Aluminum-copper-lithium alloy having improved compressive strength and improved toughness
Abstract
The invention relates to a product based on an aluminium alloy comprising, as percentages by weight, 4.0 to 4.6% by weight of Cu, 0.7 to 1.2% by weight of Li, 0.5 to 0.65% by weight of Mg, 0.10 to 0.20% by weight of Zr, 0.15 to 0.30% by weight of Ag, 0.25 to 0.45% by weight of Zn, 0.05 to 0.35% by weight of Mn, at most 0.20% by weight of Fe+Si, at least one element selected from Cr, Sc, Hf, V and Ti, the amount of said element, if selected, being from 0.05 to 0.3% by weight for Cr and for Sc, 0.05 to 0.5% by weight for Hf and for V and 0.01 to 0.15% by weight for Ti, the other elements being at most 0.05% by weight each and 0.15% by weight in total, the remainder being aluminium. The invention also relates to a method for obtaining such a product and to the use thereof as an aircraft structural element.
Claims
exact text as granted — not AI-modified1 . A product based on an aluminum alloy comprising, in percentage by weight,
4.0 to 4.6% by weight of Cu, 0.7 to 1.2% by weight of Li, 0.5 to 0.65% by weight of Mg, 0.10 to 0.20% by weight of Zr, 0.15 to 0.30% by weight of Ag, 0.25 to 0.45% by weight of Zn, 0.05 to 0.35% by weight of Mn, at most 0.20% by weight of Fe+Si, at least one element selected from Cr, Sc, Hf, V and Ti, the amount of said element, if selected, being from 0.05 to 0.3% by weight for Cr and for Sc, 0.05 to 0.5% by weight for Hf and for V and from 0.01 to 0.15% by weight for Ti, other elements at most 0.05% by weight each and 0.15% by weight in total, the remainder being aluminum.
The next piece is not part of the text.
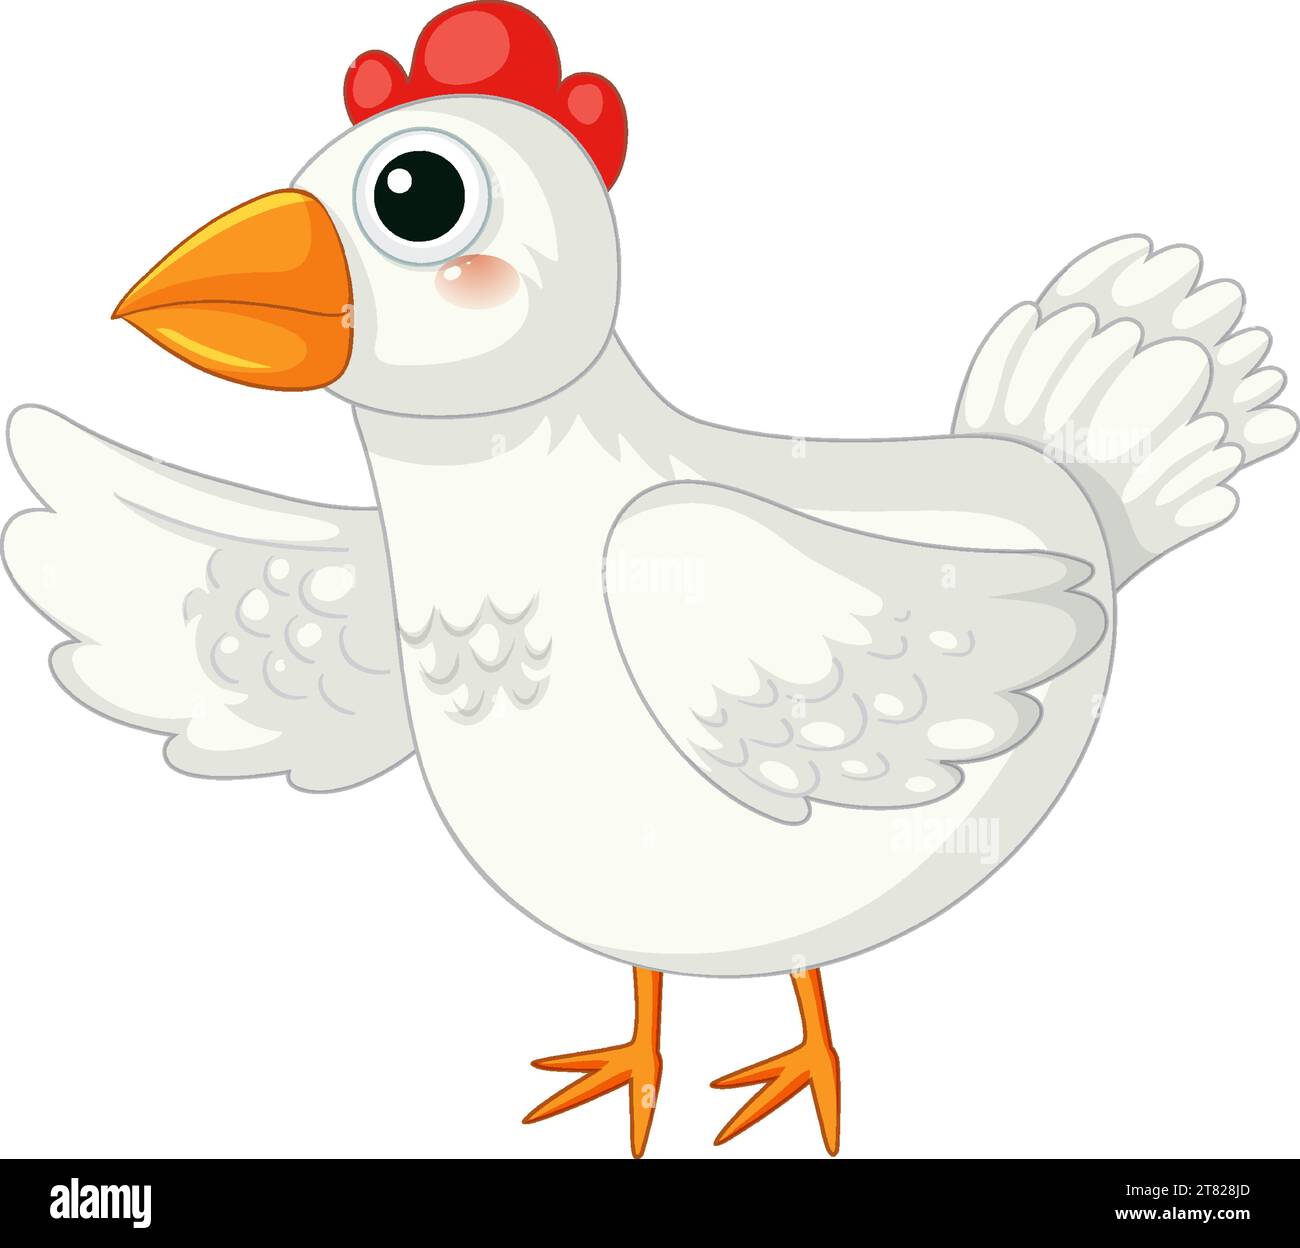 Un personnage de poulet de bande dessinée vibrant et vivant debout dans une illustration vectorielle Illustration de Vecteur

2 . The product based on an aluminum alloy according to claim 1 wherein the Cu content is comprised between 4.2 and 4.5% by weight, optionally between 4.2 and 4.4% by weight.
3 . The product based on an aluminum alloy according to claim 1 wherein the Li content is comprised between 0.8 and 1.0% by weight, optionally preferably between 0.85 and 0.95% by weight.
4 . The product based on an aluminum alloy according to claim 1 wherein the Zn content is comprised between 0.30 and 0.40% by weight.
5 . The product based on an aluminum alloy according to claim 1 wherein the Mn content comprised between 0.10 and 0.35% by weight.
6 . The product based on an aluminum alloy according to claim 1 wherein the sum of the Zn, Mg and Ag contents comprised between 0.95 and 1.35% by weight, optionally between 1.00 and 1.30% by weight, optionally between 1.15 and 1.25% by weight.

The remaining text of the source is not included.